Your task
Restate the listing below word for word, pictures excluded.

Dataset excerpt
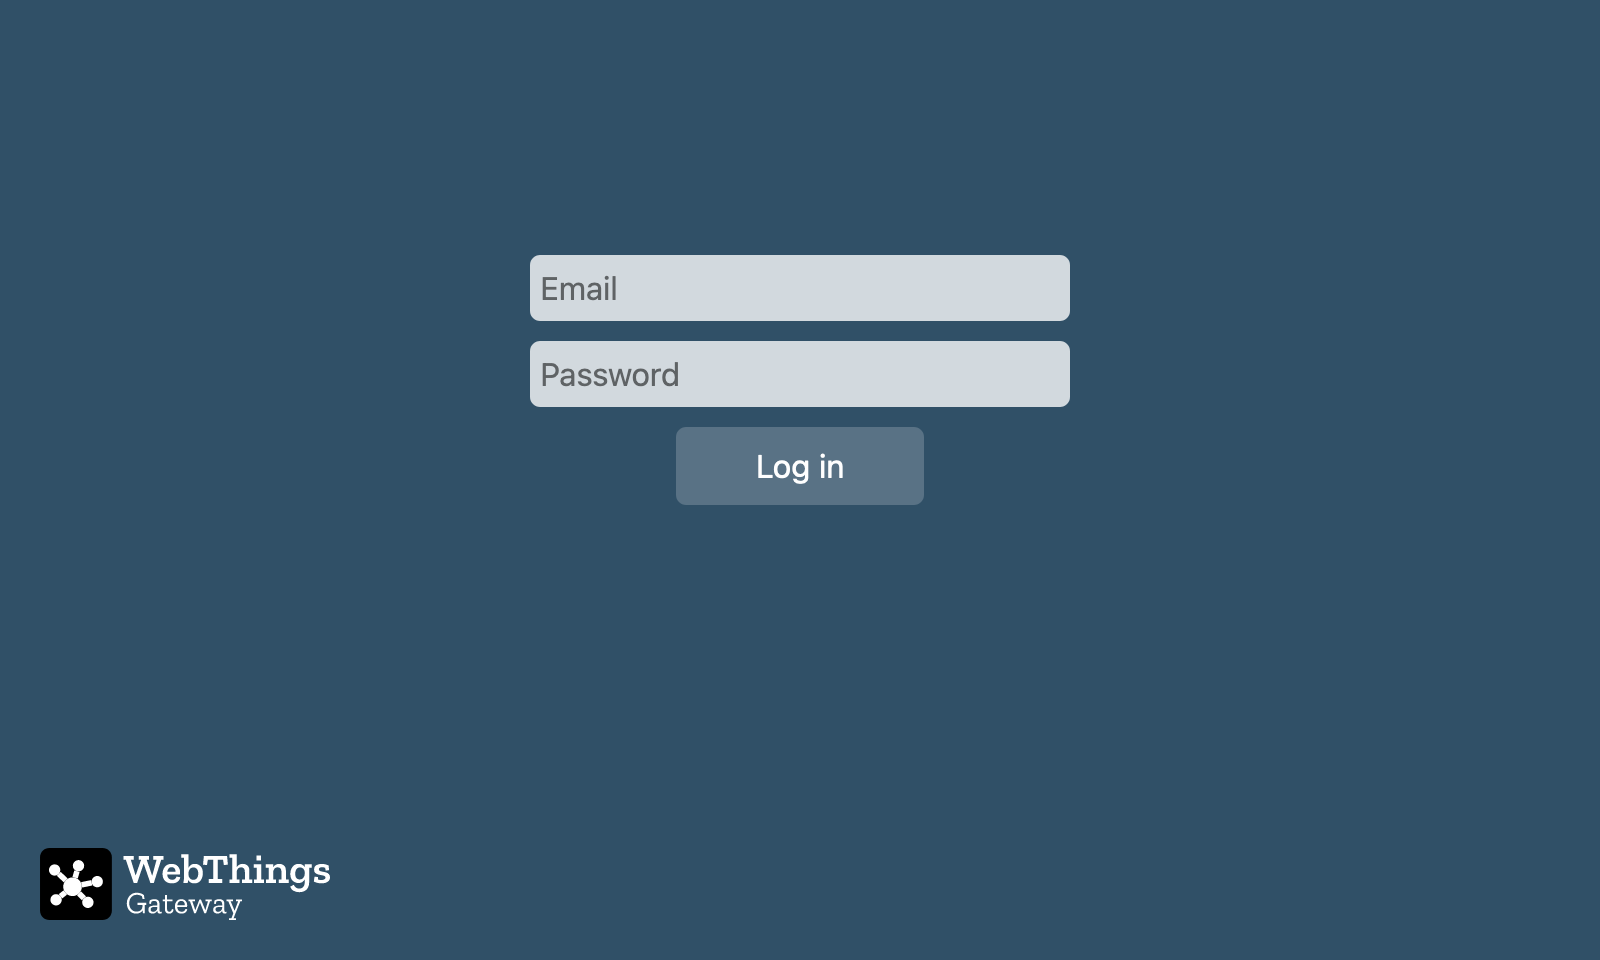 Screenshot of the login form with  email and password text fields and a log in button
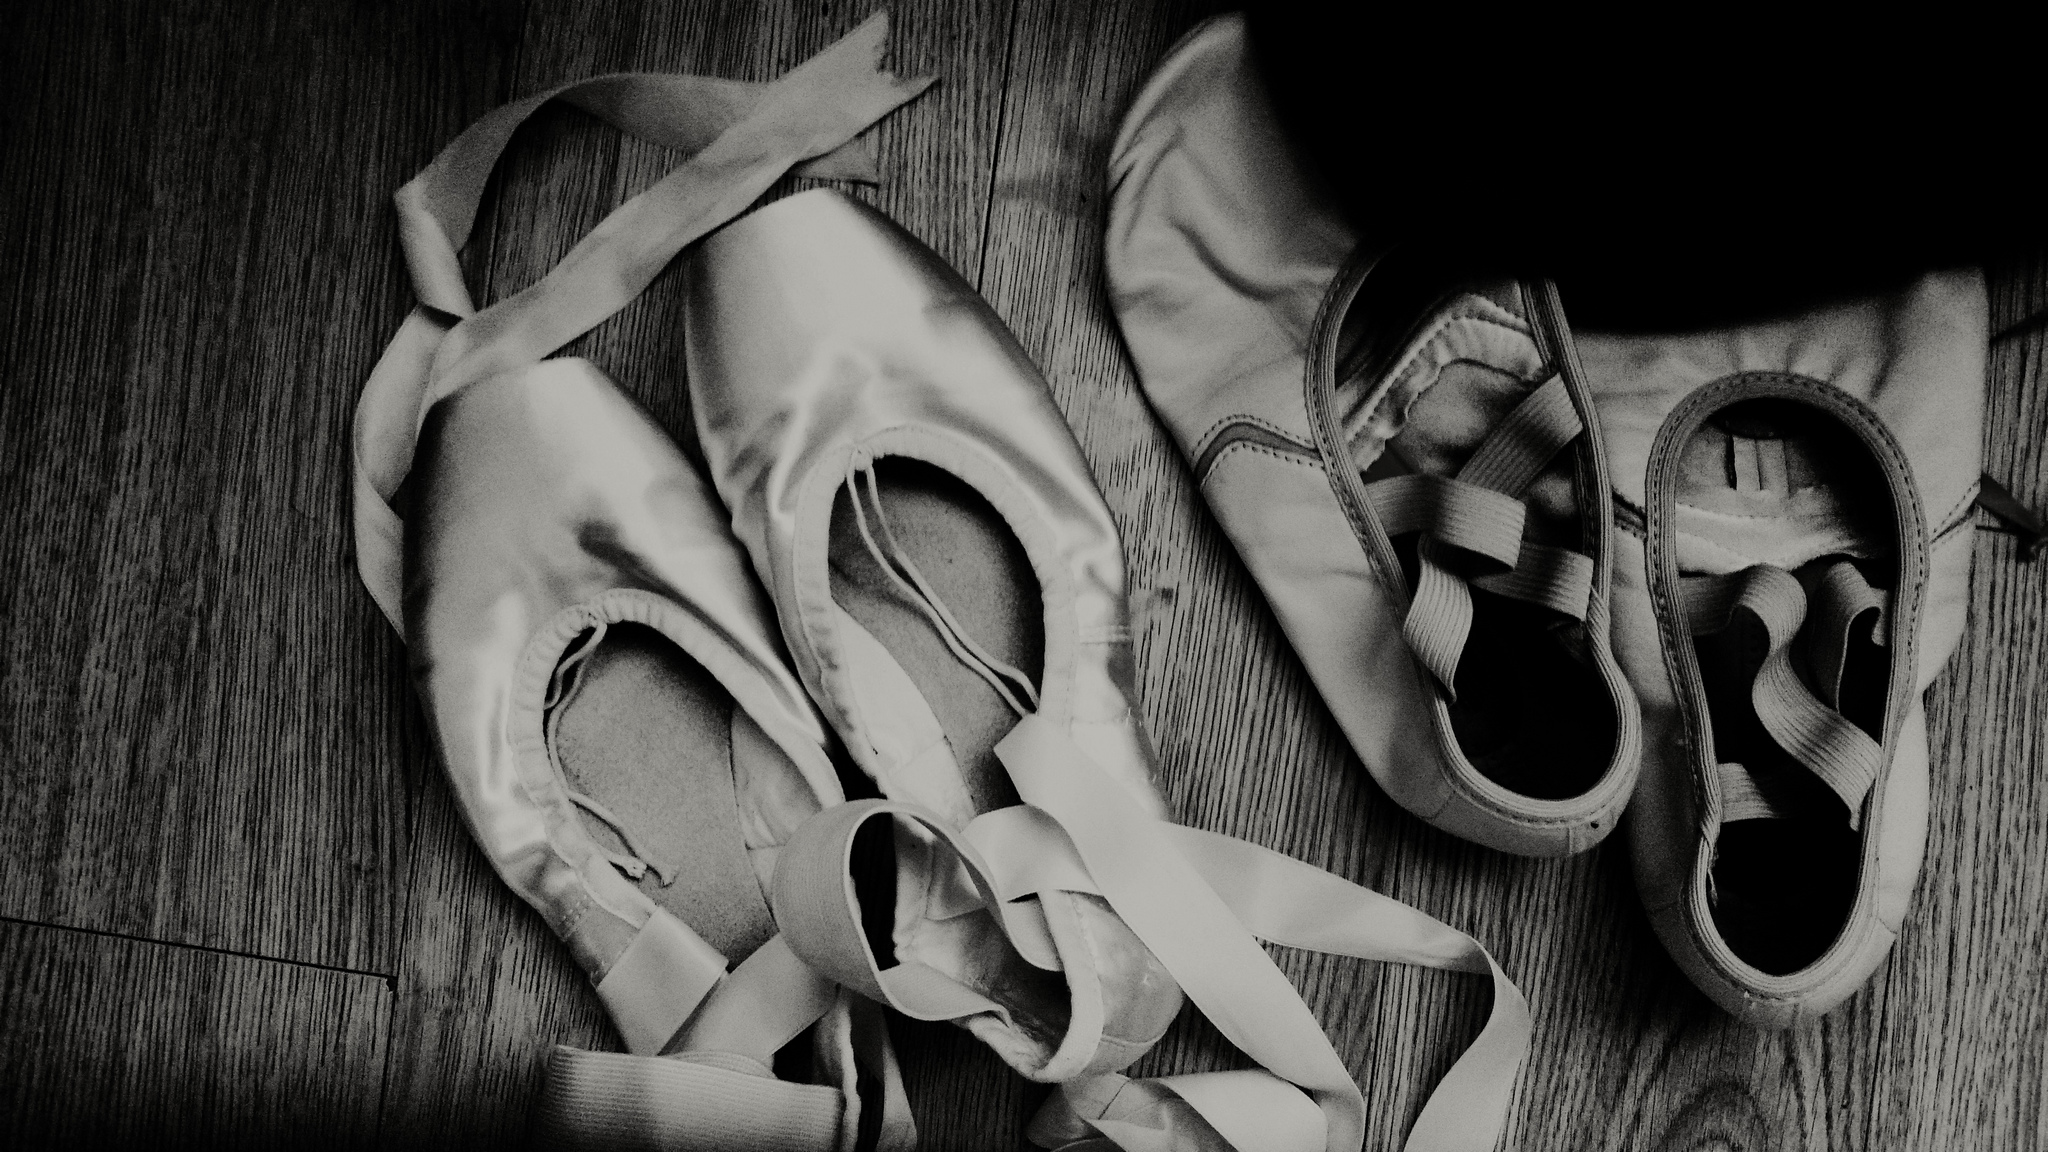 Black and white photograph demi-pointe shoes on left, MDM flats on the right.
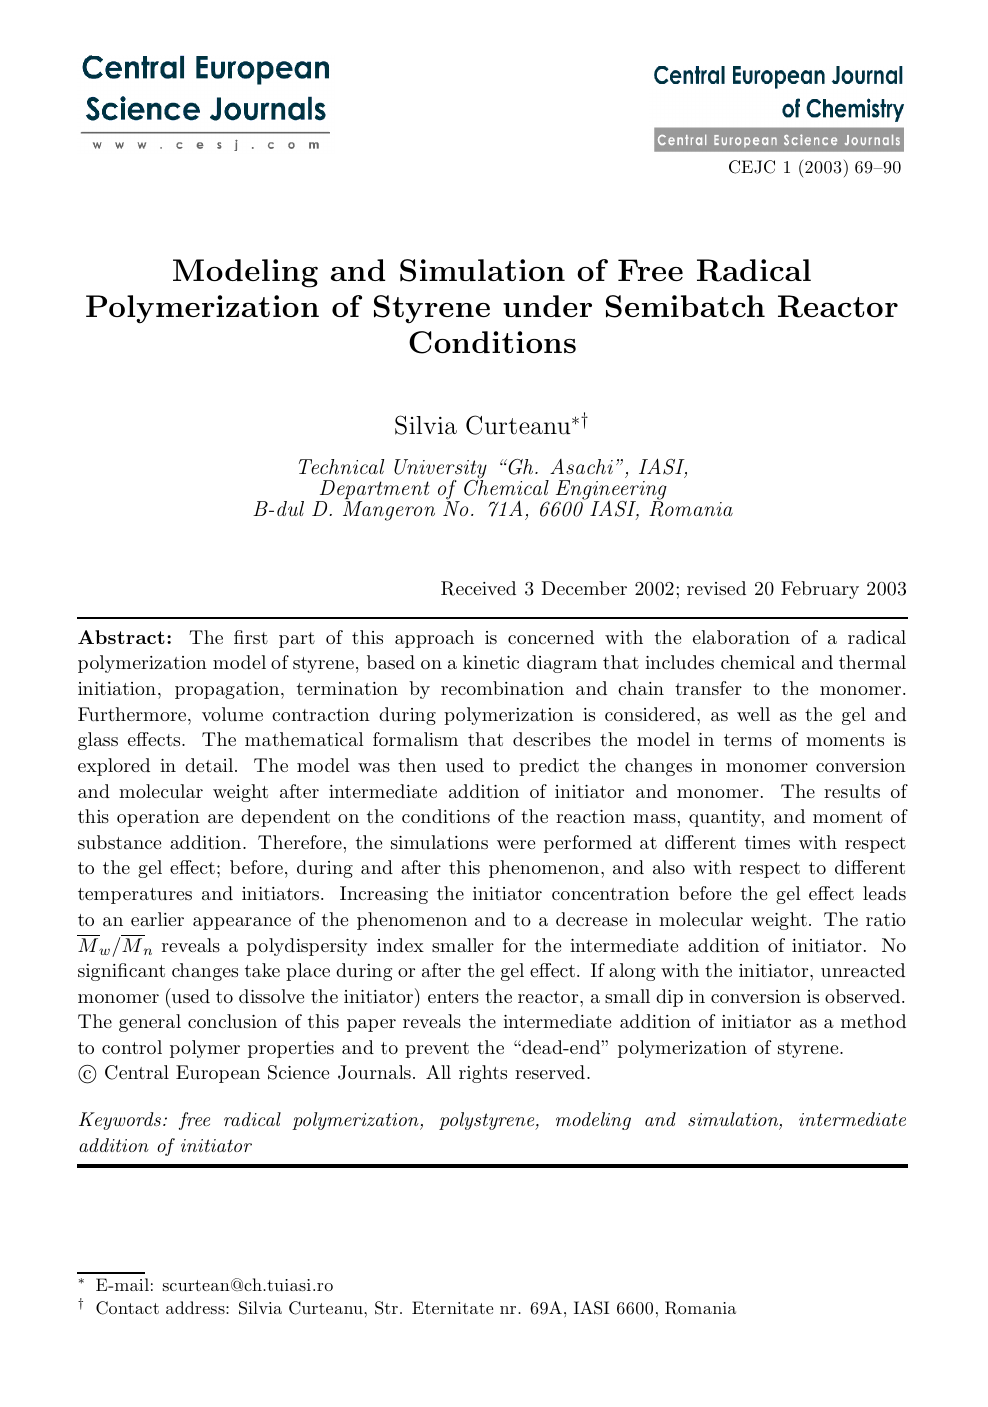 Modeling And Simulation Of Free Radical Polymerization Of Styrene Under Semibatch Reactor Conditions Topic Of Research Paper In Chemical Sciences Download Scholarly Article Pdf And Read For Free On Cyberleninka Open

Task answer
 Screenshot of the login form with  email and password text fields and a log in button
 Black and white photograph demi-pointe shoes on left, MDM flats on the right.
 Modeling And Simulation Of Free Radical Polymerization Of Styrene Under Semibatch Reactor Conditions Topic Of Research Paper In Chemical Sciences Download Scholarly Article Pdf And Read For Free On Cyberleninka Open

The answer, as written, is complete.